§ MATERIAL FOR THE TASK:
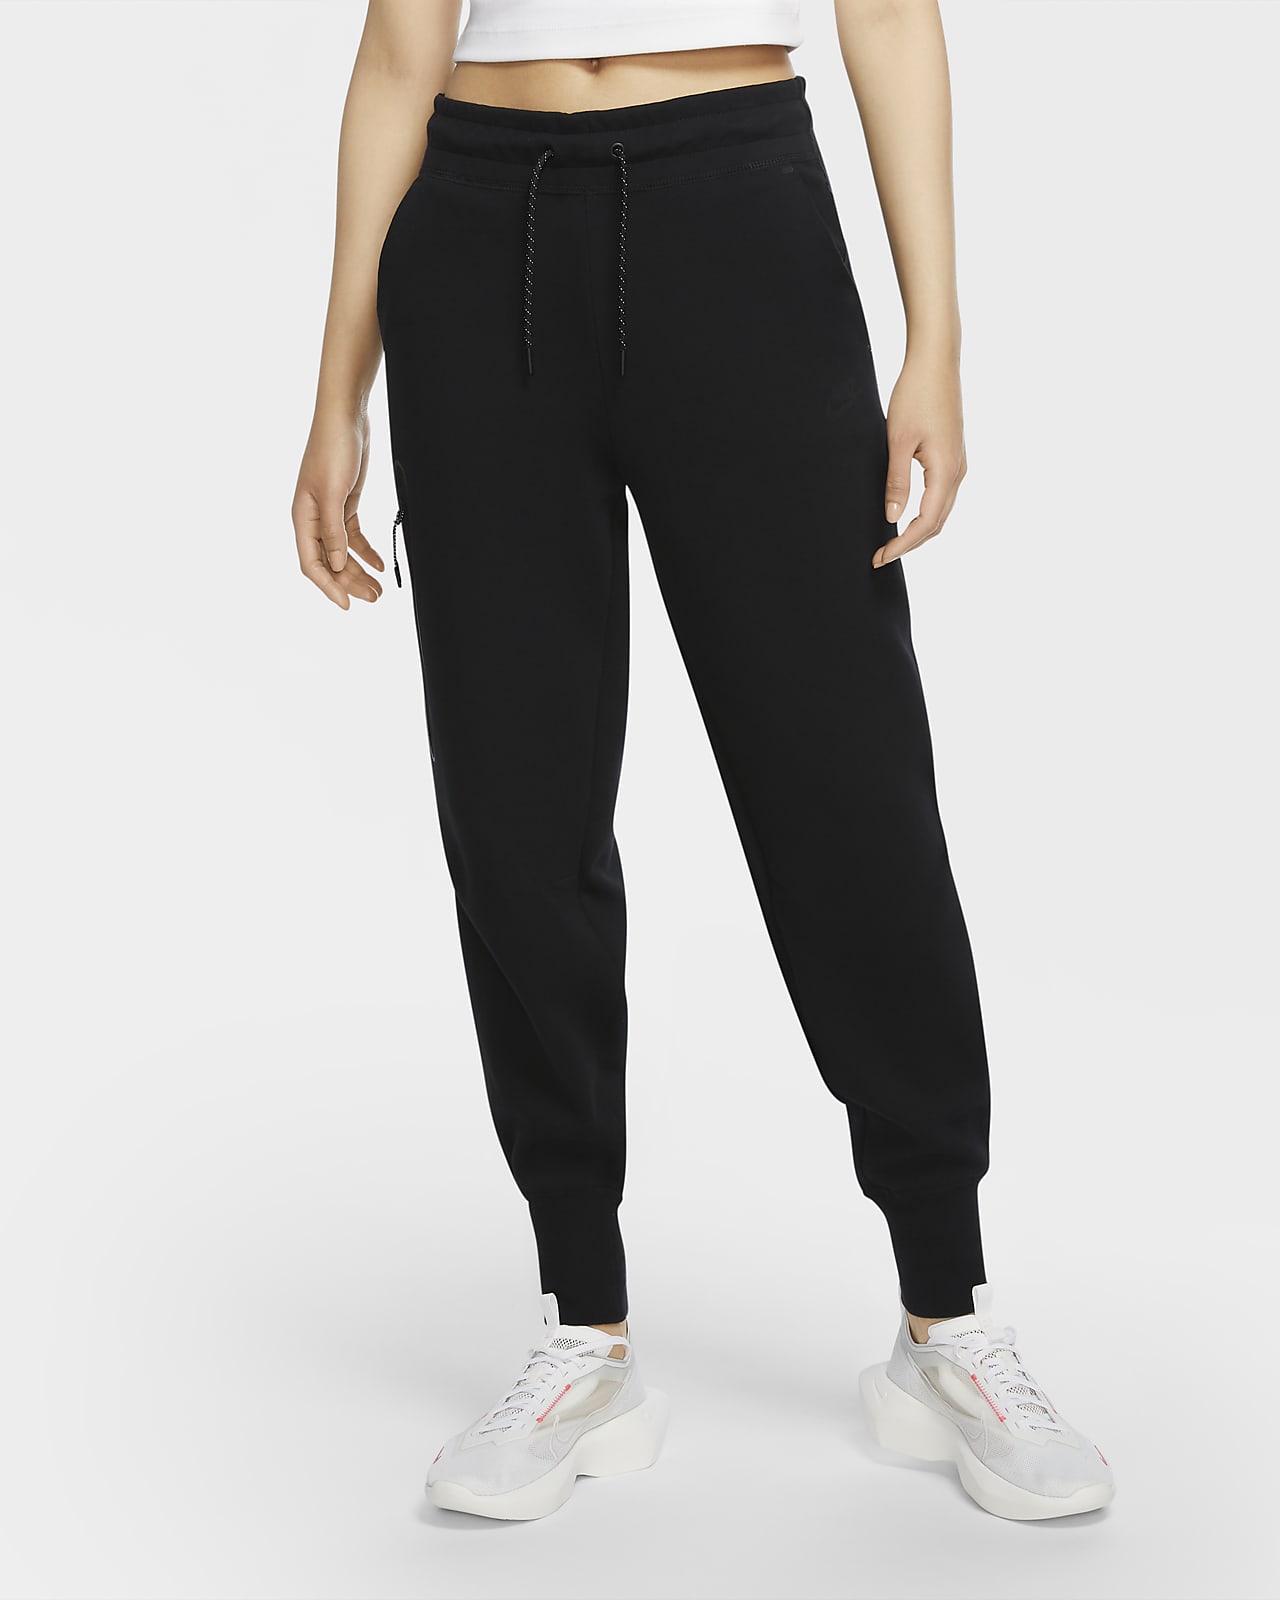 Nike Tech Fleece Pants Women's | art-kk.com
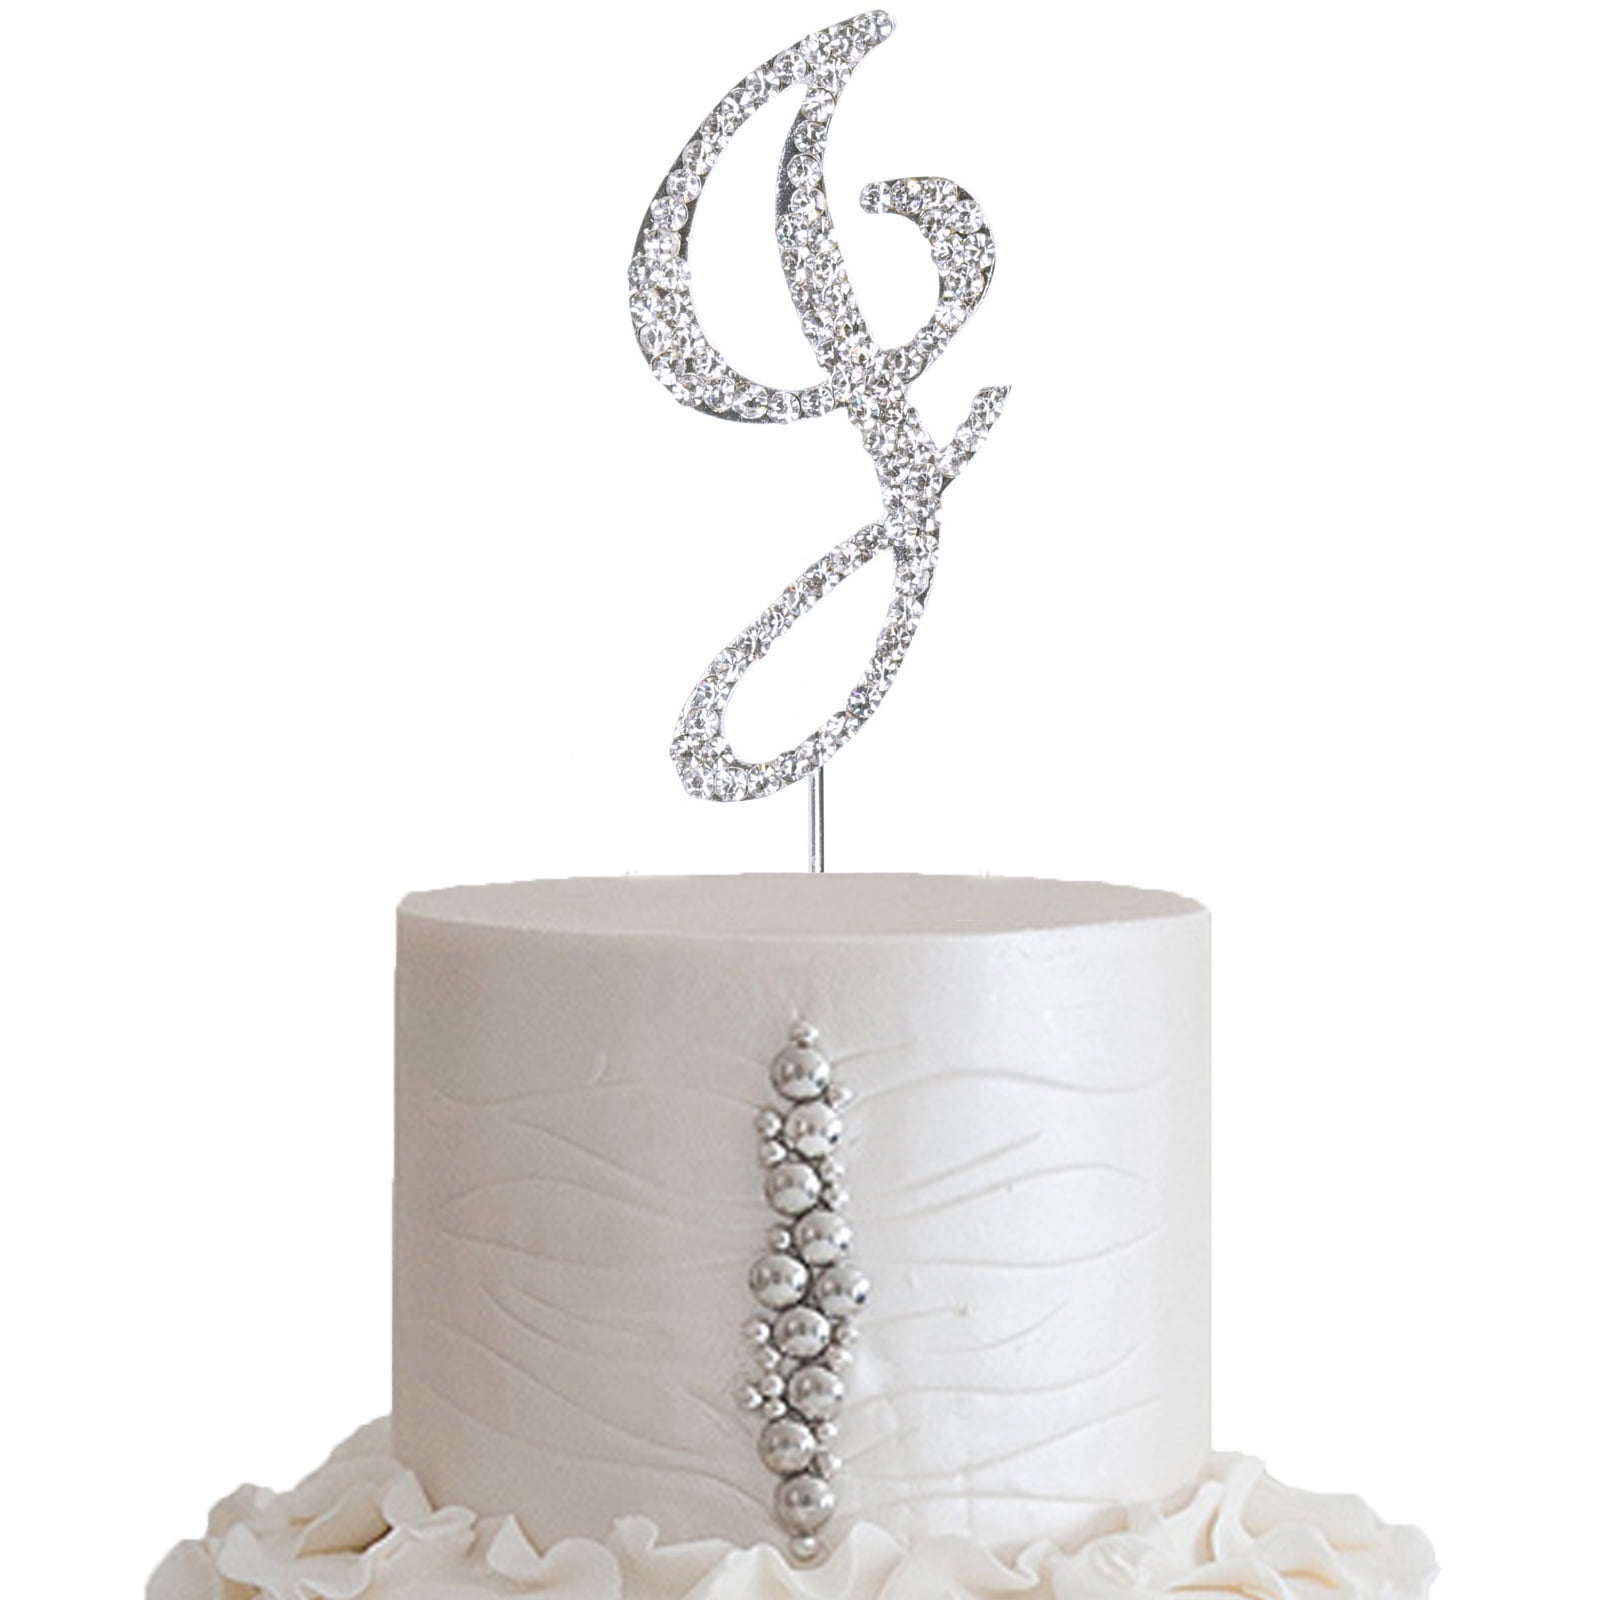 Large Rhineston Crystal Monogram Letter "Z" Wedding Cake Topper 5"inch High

...

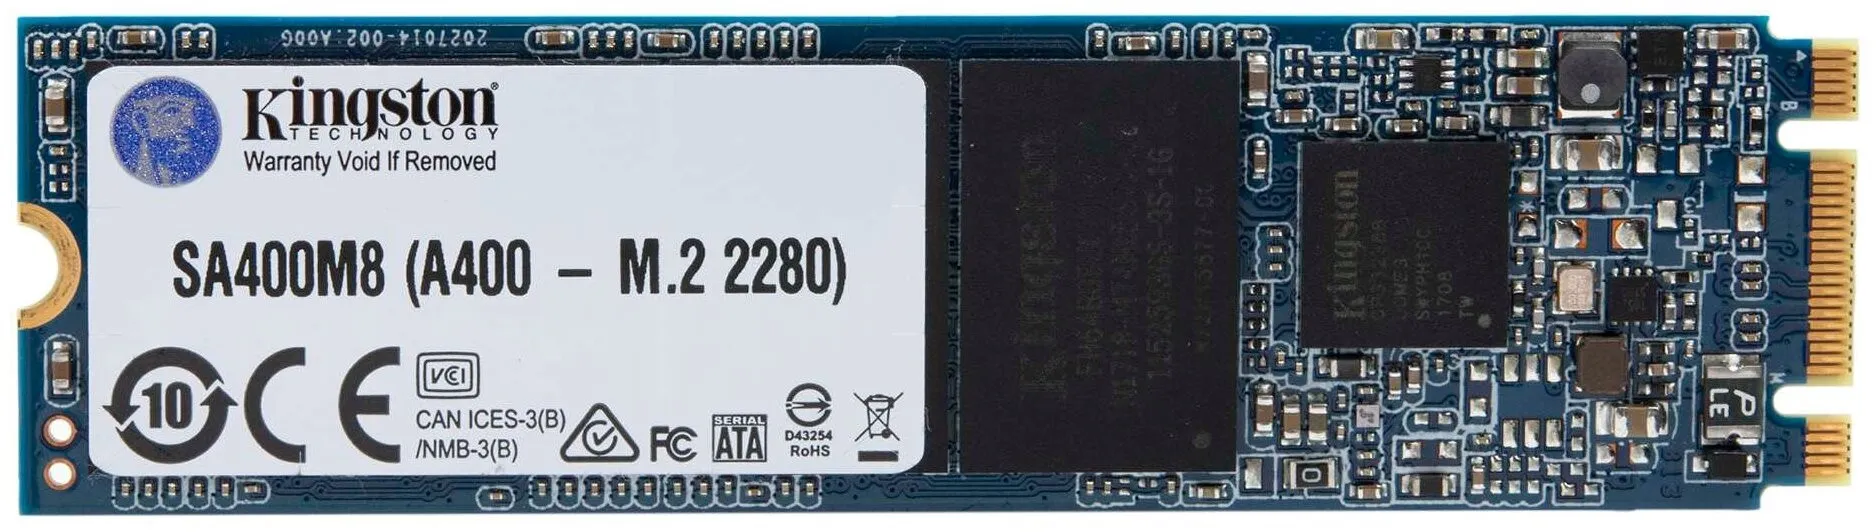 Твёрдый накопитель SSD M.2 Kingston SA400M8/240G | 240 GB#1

§ PROBLEM STATEMENT:
Exactly the lines above, from the one containing "Nike Tech Fleece Pants Women's | art-kk.com" down to the one containing "Large Rhineston Crystal", are to be repeated, including both ends. Pictures are not part of the copy.

§ TASK ANSWER:
 Nike Tech Fleece Pants Women's | art-kk.com
 Large Rhineston Crystal Monogram Letter "Z" Wedding Cake Topper 5"inch High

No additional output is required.